In defense of the holiday letter

by Kristen DeLap


One of the reasons I love the holidays is because people send more mail. Everyone loves when real mail arrives in their mailbox - it's an almost universal feeling. To know that a few days (weeks) ago, someone was thinking of you, took the time to document it, and troubled to send it your way. That is effort.

But it is equally as gratifying to send mail. To think of someone, choose some stationary or card you think they'll enjoy, write a sentiment you want to share, seal it up, and drop it in the box with anticipation of when the receiver opens it. That is intention.

Which brings me to my defense of the holiday letter, which has dropped unceremoniously out of fashion. The holiday letter takes a bit of effort, for sure, but one could argue no more effort than arranging family photos and ordering cards from any of the glossy services that have tricked us into thinking that is what holiday correspondence should be. More than effort, a holiday letter takes a bit of reflection. The writer must pause and evaluate their year, sift through the mundane and the extraordinary, and make decisions about what to share. In this world of social media where there is little visual hierarchy between a glamour shot of a happy hour cocktail and a celebratory birth announcement, it is nice to have a bit more curation. The author of the letter gets to emphasize their preference of topic or event, painting things as rosy or as realistic as they prefer.

And further, holiday letters reach those without social media profiles (or those who don't exercise their ability to obsessively check all platforms daily). The USPS famously will deliver a letter anywhere, whether the receiver wants it or not.

So every year I look forward to crafting our holiday correspondence. Some years it is a long paragraph, some years it is a page. This year it is in the style of a newsletter with some bullet points and sidebars. We usually incorporate multiple photos - the candid type, not the professional, I'm afraid. But Todd and I sit down and do it together. We discuss what was meaningful about our year, in our individual lives and as a family. This year even Søren weighed in a bit on what to include. It's a great time to reflect, before the business of the holidays sweeps us away to the beginning of the next year.

The letter for me doesn't end inside the envelope. I try to find some fun vintage postage and customize it based on the recipient. My farmer father gets the stamps with the snow-covered red barns; and my active brother gets the Olympic skiing stamps; the christmas toy ones to a family with young kids, and those young at heart. This attention to postage is certainly above and beyond (though there was a time that stamps printed with a custom photo were somewhat common), but I enjoy it.

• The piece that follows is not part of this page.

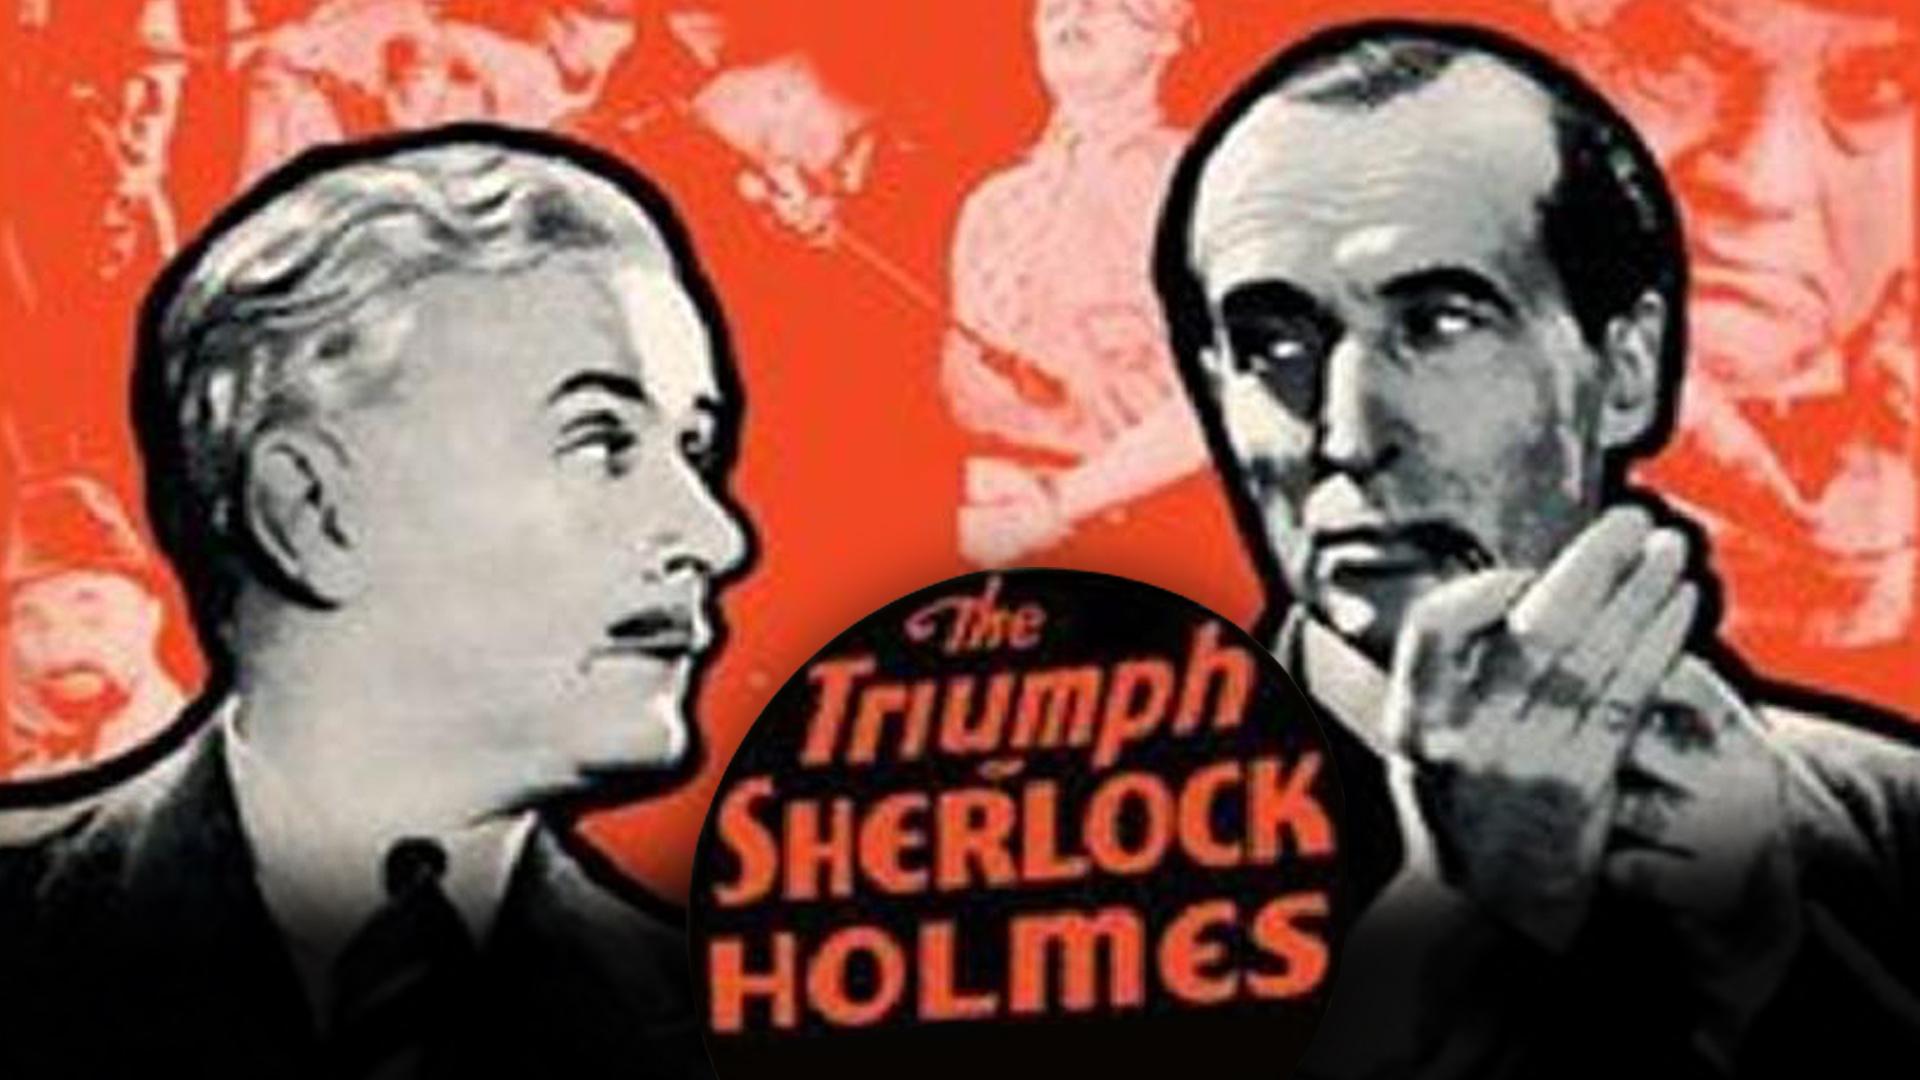 Triumph of Sherlock Holmes (1935)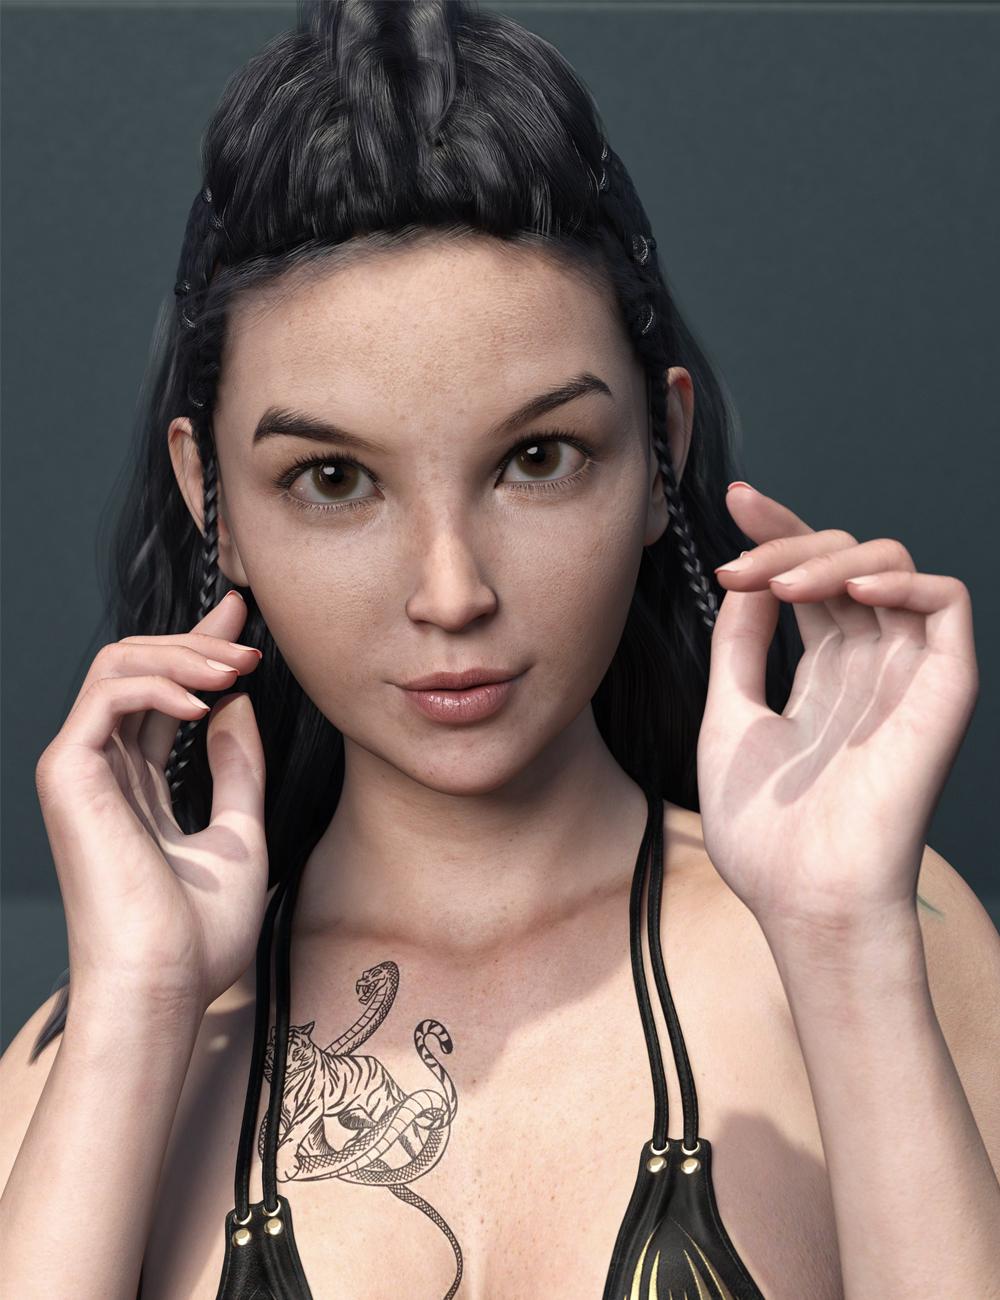 MR Gal for Genesis 8.1 Female by: Marcius, 3D Models by Daz 3D

And, these letters are a great historical reference. I keep a stack of one letter from every year in the box with our stockings. Looking back at years past shows us how far we've come, and reinforces our traditions.

I know some families feel it is wasteful, so much paper used and the expense of it all. But I, perhaps naively, only think it is wasteful if it isn't meaningful. And for me, I still find meaning, in both sending and receiving this bit of traditional correspondence.